All Capital & Counties Properties PLC Group companies which were owned and controlled by Liberty International PLC prior to the demerger were transferred under the new ultimate parent company, Capital & Counties Properties PLC prior to 10 May 2010. The introduction of this new ultimate holding company constitutes a group reconstruction.

The transaction falls outside the scope of IFRS 3 'Business Combinations'. Accordingly, following the guidance regarding the selection of an appropriate accounting policy provided in IAS 8 'Accounting Policies, Changes in Accounting Estimates and Errors', the transaction has been accounted for in these condensed financial statements using the principles of merger accounting with reference to UK Generally Accepted Accounting Practice (UK GAAP). This policy, which does not conflict with IFRS, reflects the economic substance of the transaction.
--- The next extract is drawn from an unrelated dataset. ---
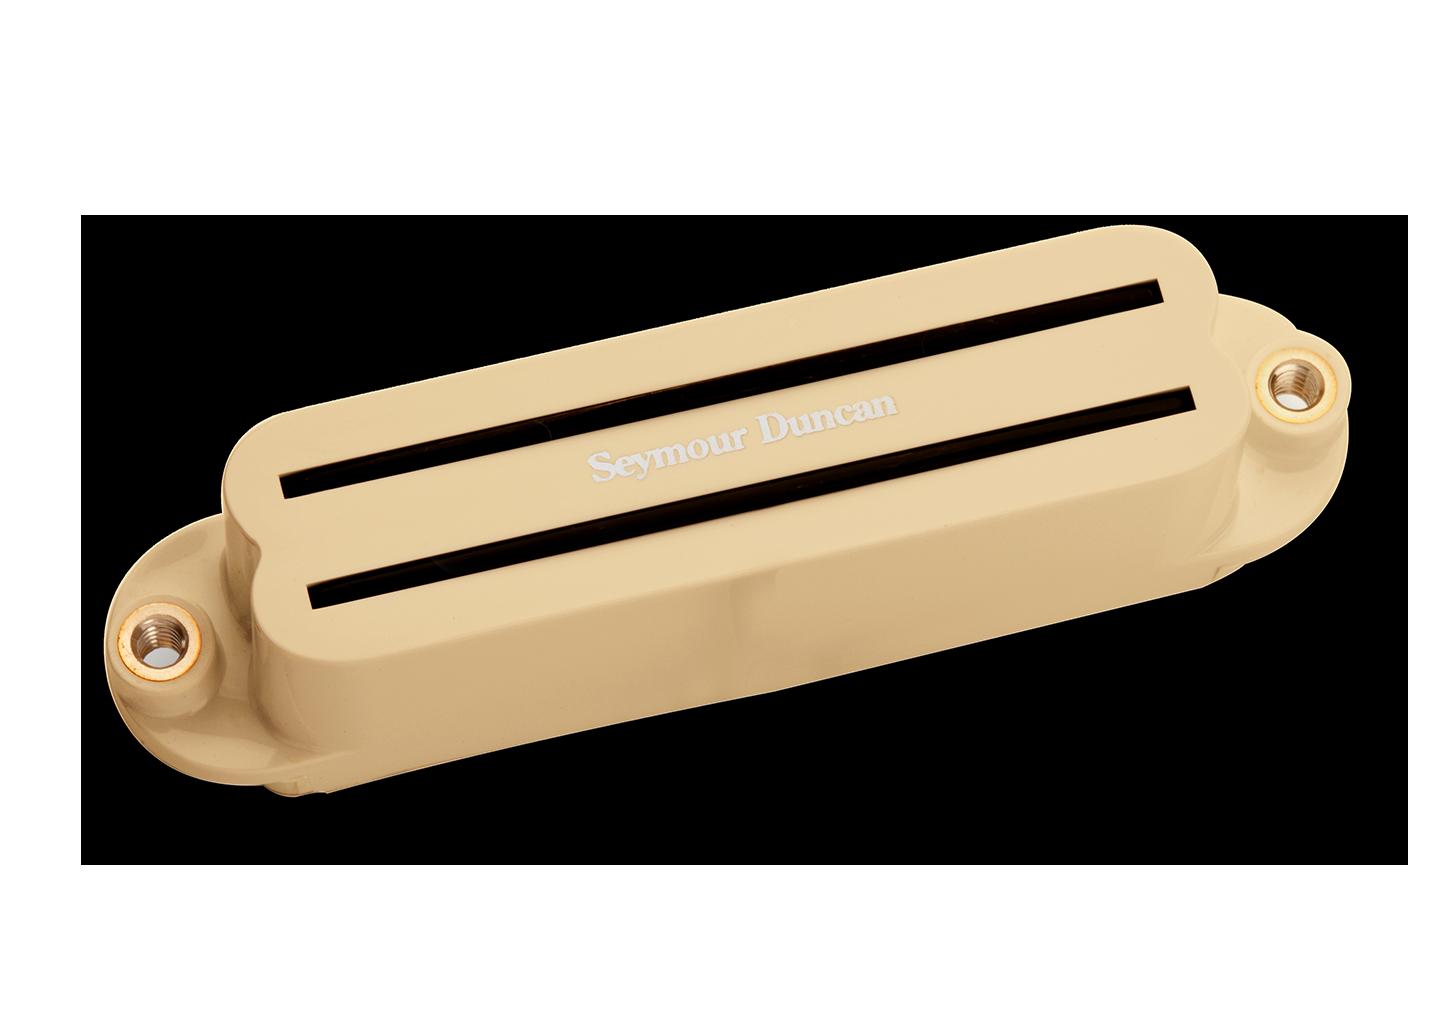 Seymour Duncan Cool Rails Strat SCR-1N Neck Cream

Therefore, although the Group reconstruction did not become unconditional until 10 May 2010, these condensed financial statements are presented as if the Group structure has always been in place.

Going concern basis

The Directors are satisfied that the Group has the resources to continue in operational existence for the foreseeable future, for this reason the condensed consolidated financial statements are prepared on a going concern basis.

Basis of consolidation

The Group's condensed consolidated financial statements are prepared in accordance with International Financial Reporting Standards ("IFRS"), as adopted by the European Union, International Financial Reporting Interpretations Committee ("IFRIC") interpretations and with those parts of the Companies Act 2006 applicable to companies reporting under IFRS.

The condensed consolidated financial statements are to be prepared in British pounds sterling which is determined to be the functional currency of the Group.

Subsidiaries

Subsidiary undertakings are fully consolidated from the date on which the Group is deemed to govern the financial and operating policies of an entity, whether through a majority of the voting rights or otherwise; they cease to be consolidated from the date this control is lost. 

 

Joint Ventures

The Group's interest in jointly controlled entities is accounted for using proportional consolidation. The Group's share of the assets, liabilities, income and expenses are combined with the equivalent items in the condensed consolidated financial statements on a line-by-line basis.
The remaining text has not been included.